** Opening Provided records block **

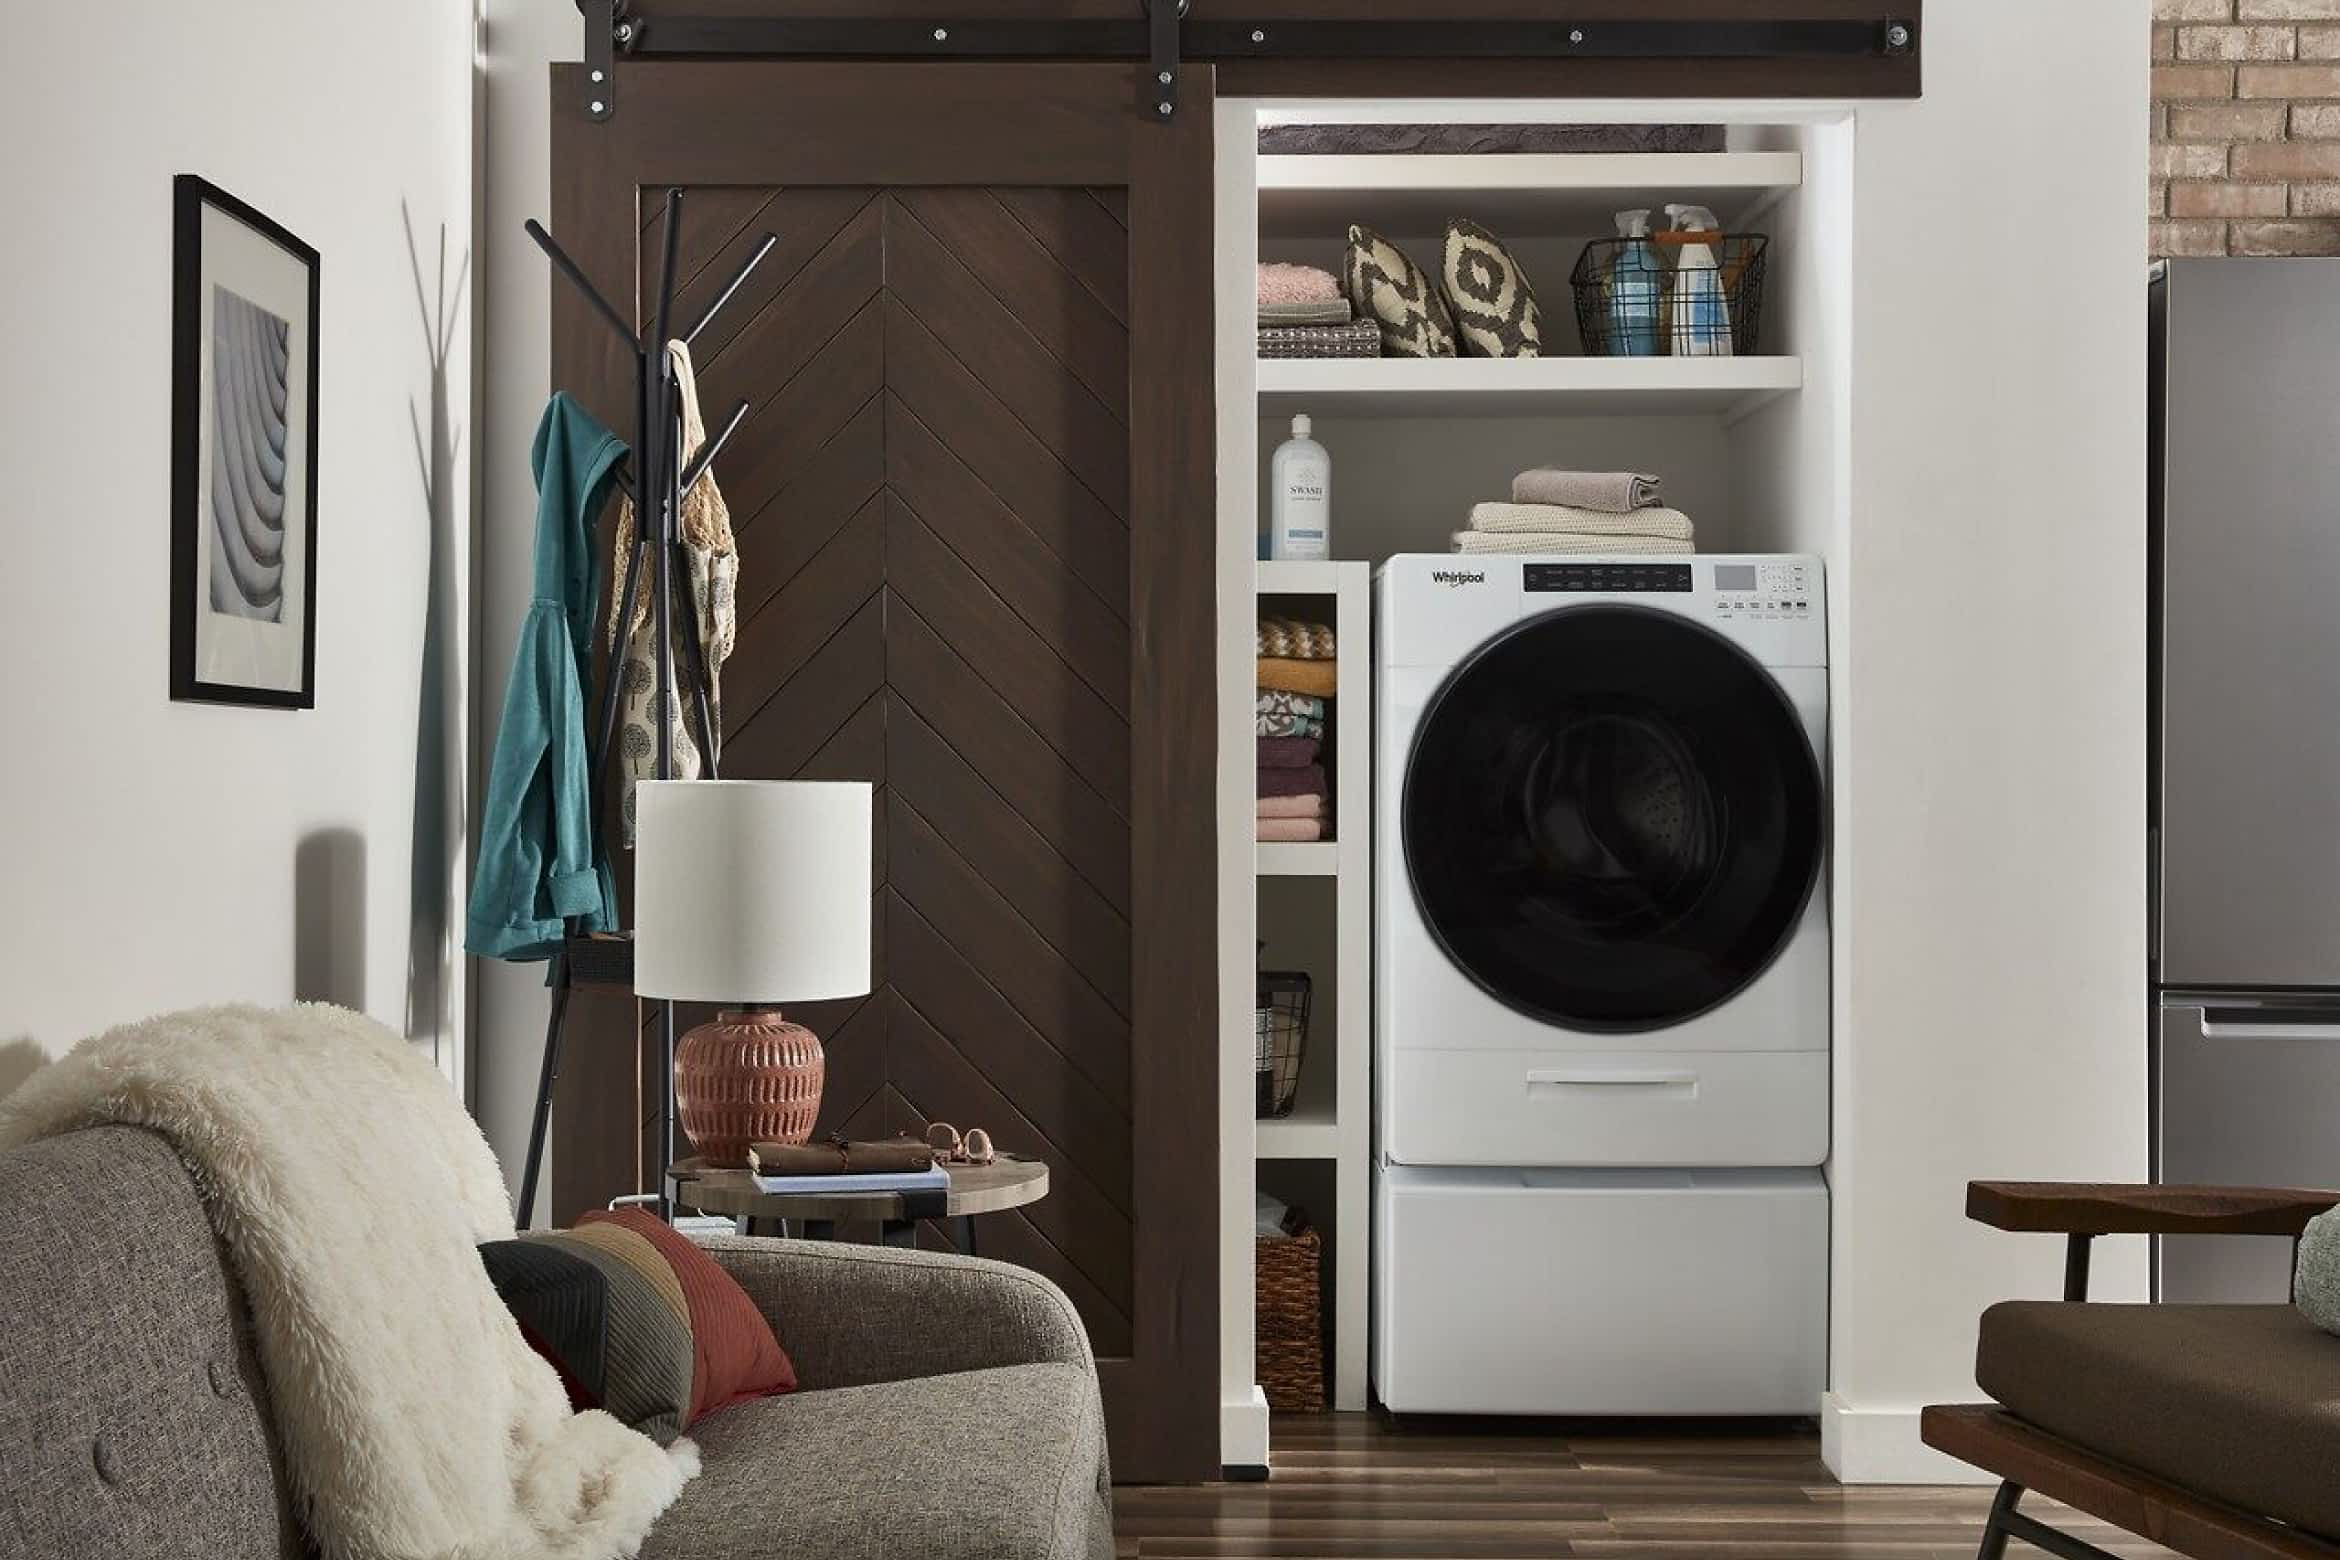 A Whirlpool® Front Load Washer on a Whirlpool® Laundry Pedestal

** Closing Provided records block **
** Opening Provided records block **

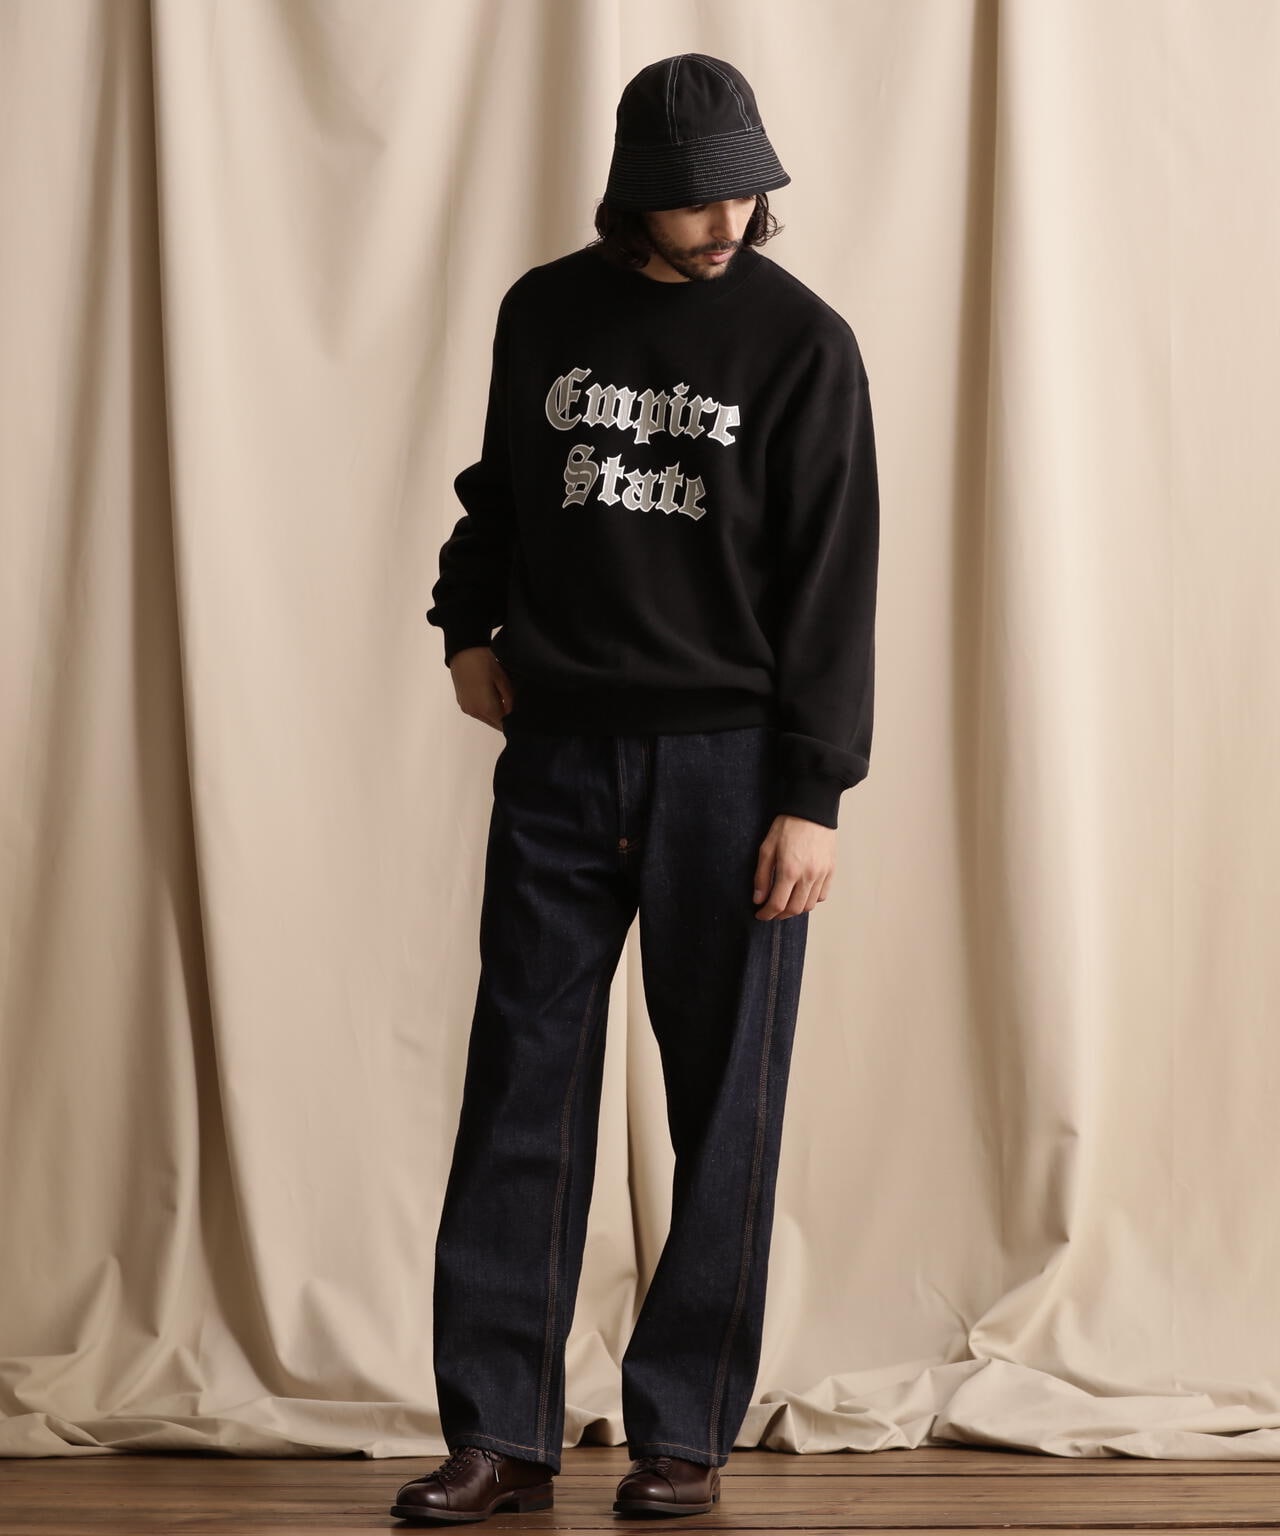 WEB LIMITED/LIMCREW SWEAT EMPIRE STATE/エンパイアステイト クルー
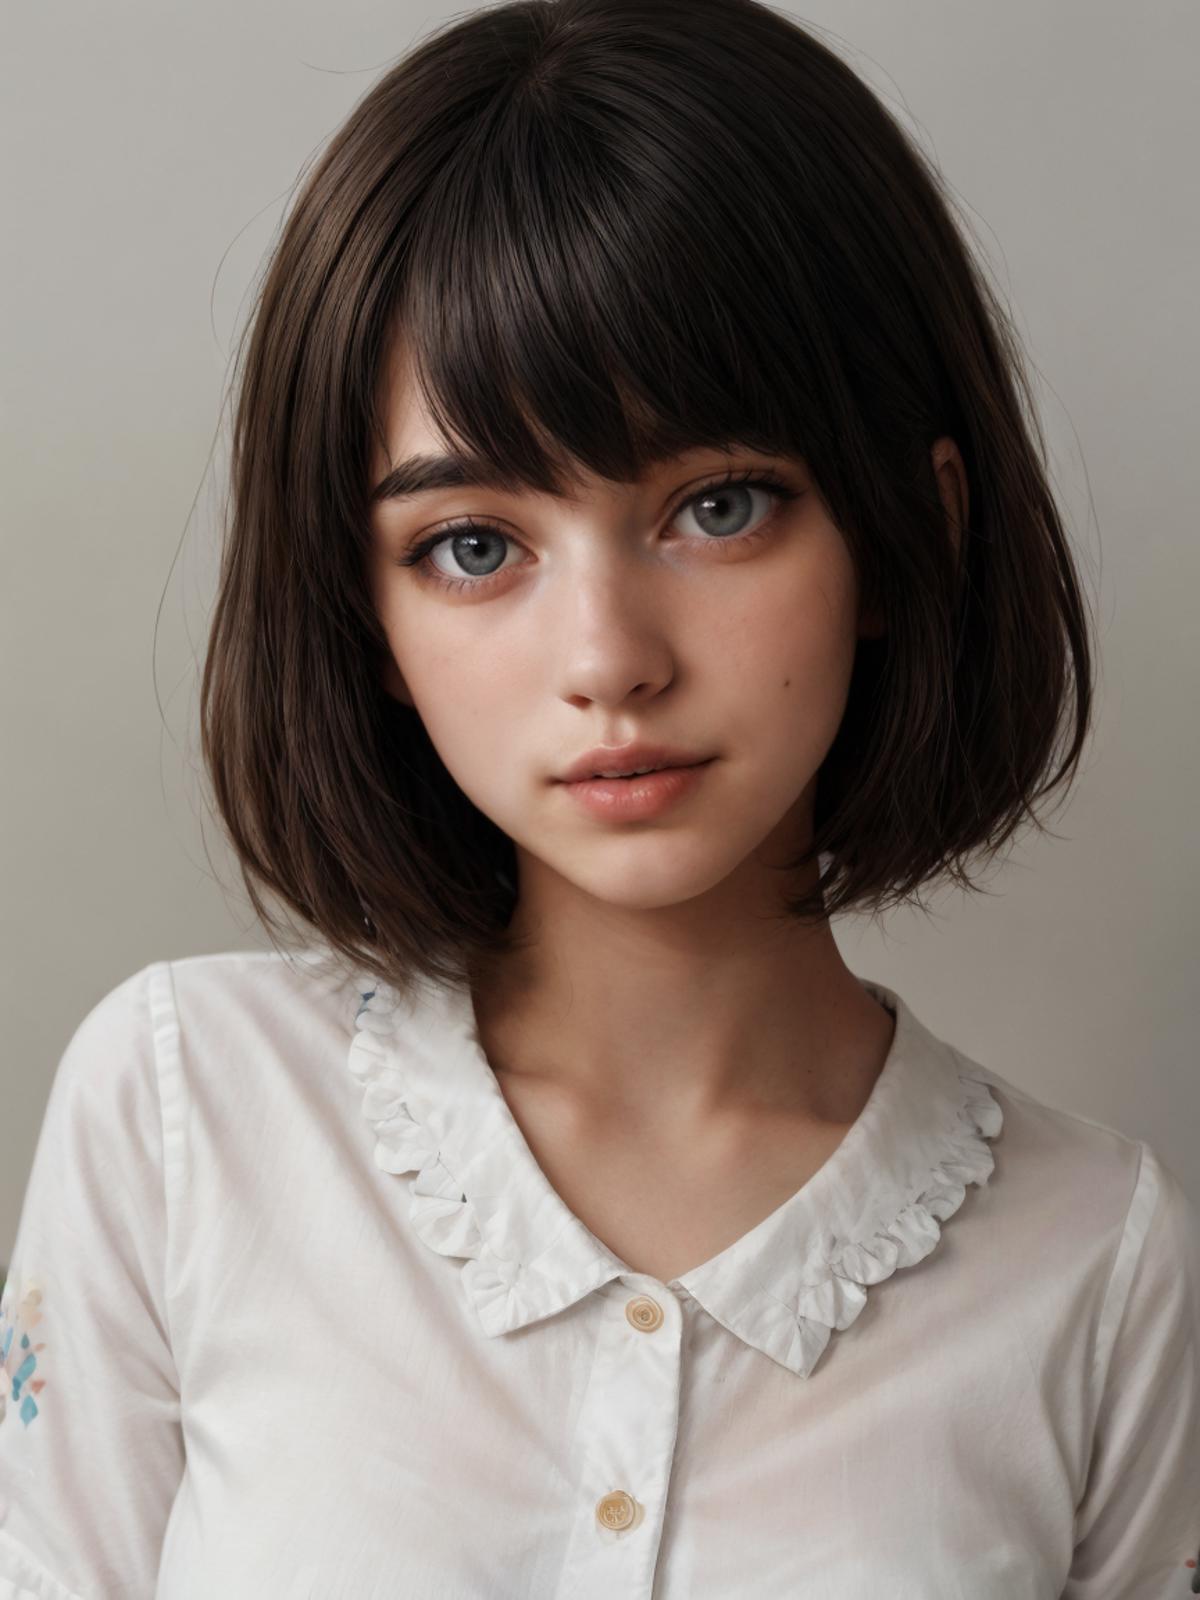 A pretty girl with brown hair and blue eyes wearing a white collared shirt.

** Closing Provided records block **

- _Exercise instructions_: Without the pictures, set down the lines above from the line with "WEB LIMITED/LIMCREW SWEAT" up to and including the line with "A pretty girl" exactly as they stand.

- _Answer space_:
 WEB LIMITED/LIMCREW SWEAT EMPIRE STATE/エンパイアステイト クルー
 A pretty girl with brown hair and blue eyes wearing a white collared shirt.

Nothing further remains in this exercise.